第18章 アンケート回 松怪奇譚〜追〜
「べつにいいんだよ?兄弟や他人に嘘をついても。お前がそうしたいならさ。でもな…」
弟のボサボサな頭をポンと撫で、一言。
「自分には嘘つくなよ?」
「…嘘なんか、ついてないっ」
「あ、そう。じゃあ俺がカラ松と十四松見つけ出して、ご褒美にゆめ美ちゃんとディープキスしながら混浴でイチャコラしてもいいわけ?」
「だから、す、好きにすればいいだろ!おれには、関係ないっ!!」
プイとそっぽ向いた猫松のほっぺを、おそ松はからかうように指でぷにぷにする。
「なにムキになってんだよぉいちまっちゃーん?ただの冗談じゃーん?あれぇ?ムキになるってことはもしかして……っておい!置いてくなって!」
カァッと顔が熱くなった一松は、兄の手を払いのけてスタスタとロビーへ戻って行く。
(おそ松兄さんに何がわかんだよっ!!)
嘘だか何だか知らないけど、クソな自分にはどうすることも出来ない。クソにはゆめ美を好きになる資格なんてない。クソがクソを自覚し、なるべく人に迷惑をかけぬよう、ひっそりと一人で生きているならそれでいいだろべつに——と、ネガティブモードになっていくと、胸の中に行くあてのないモヤモヤとした感情が溢れ出す。
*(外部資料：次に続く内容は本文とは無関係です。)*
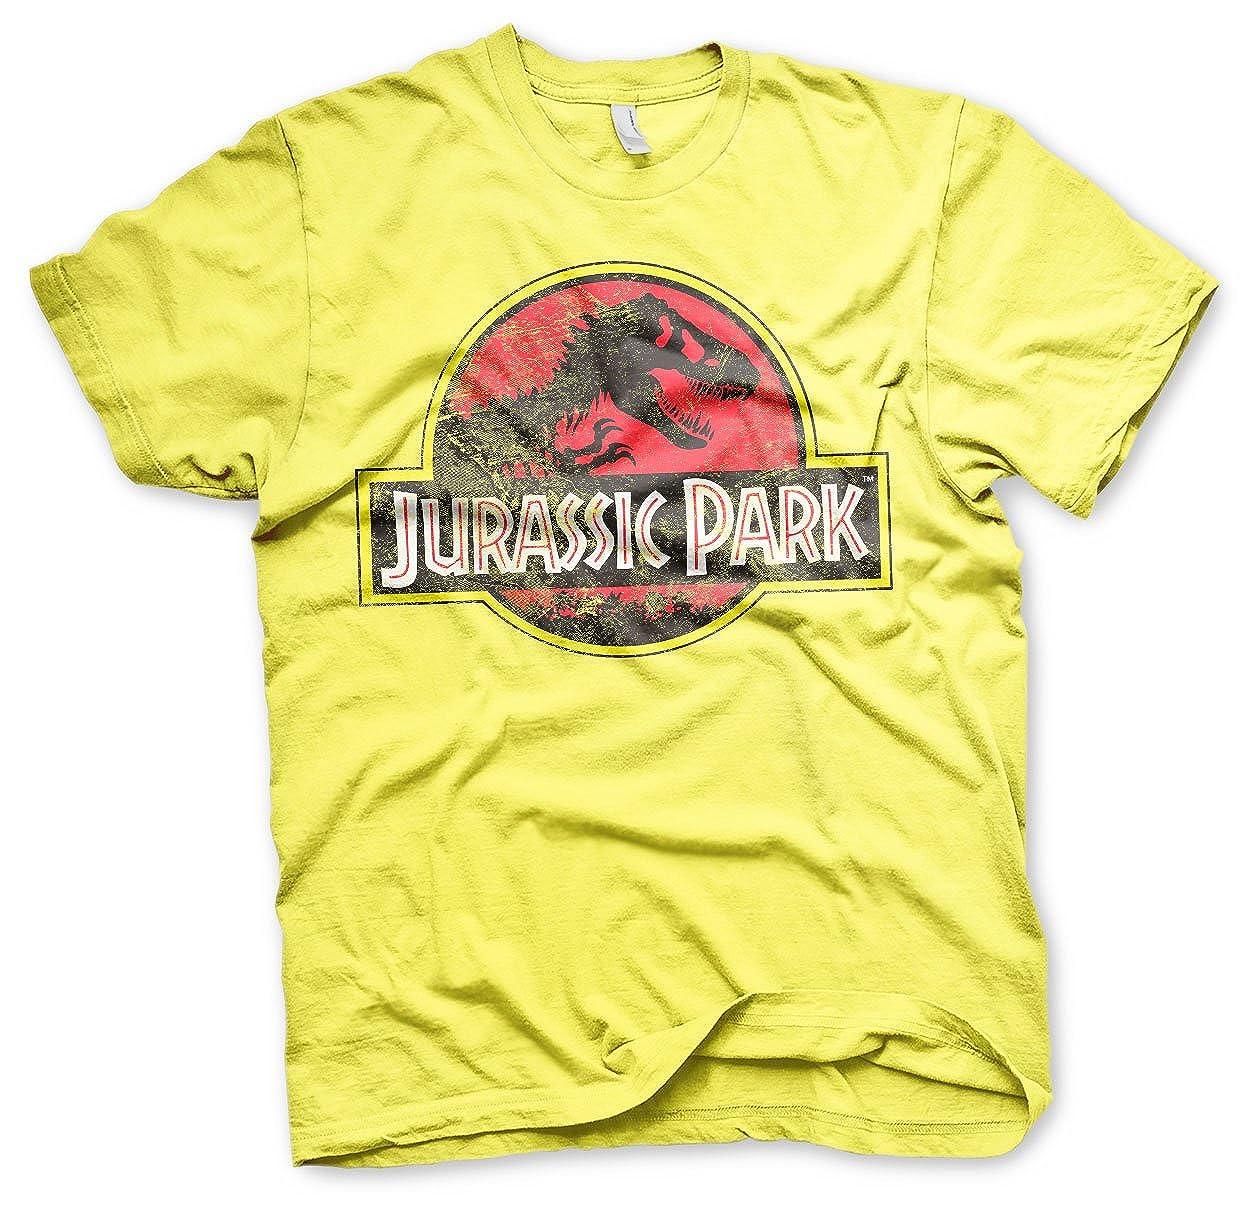 Jurassic Park Licenza Ufficiale Distressed Logo Uomo Maglietta Giallo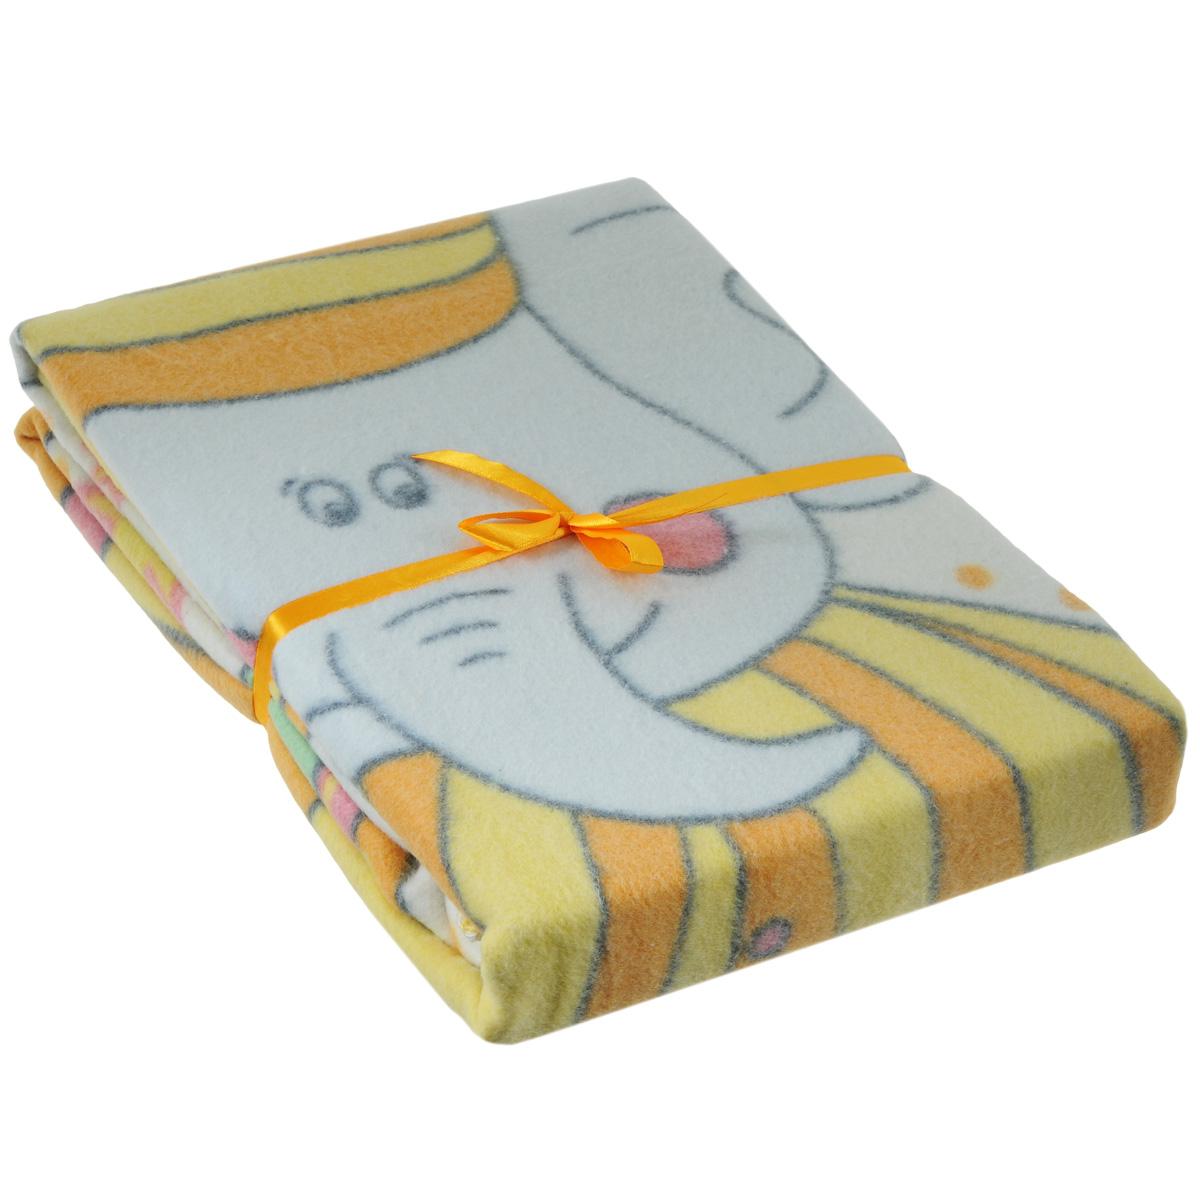 Одеяло детское Baby Nice Пора спать, байковое, цвет: желтый, 100 см x 140 смD311511Детское байковое одеяло Baby Nice Пора спать изготовлено изнатурального100% хлопка и оформлено ярким рисунком. Такое одеяло будет бережно хранитьбезмятежный сон вашего ребенка. Ребенок, спящий под байковым одеялом,словно укрытый нежным мягкимоблаком, находится в тепле, и не потеет при этом. Дышащая способностьнатурального хлопка позволяет добиться такого эффекта. Легкий по ощущениямматериал имеет небольшой вес, но вместе с тем, является плотным и хорошосохраняет тепло. Кроме того, ткань гигроскопична, а значит впитываетизбыточную влагу, не становясь при этом влажной на ощупь.Детское одеяло Baby Nice Пора спать - лучший выбор для тех, ктостремитсяпроявить заботу о своем ребенке.Материал: 100% хлопок. Размер: 100 см х 140 см.

(嘘つくなって?じゃあ、『人類最強のクソですけど毎日かまってそして可愛がってくださいよろしくニャー』とでもあいつに言えって?)
自分を偽らないまっさらな心は、兄弟一寂しがりやな甘えんぼだった…。
(……え?なに今の?今のなに?おれこんなこと思ってたの!?なんだこのキャラ!?万死に値すんだよぉぉおおお!!!!)
飽くなき自虐徹夜コースに入りかけたところで、一松は自分の置かれている状況を思い出した。
兄弟二人が失踪したのに、呑気にネガティブしてる場合ではない。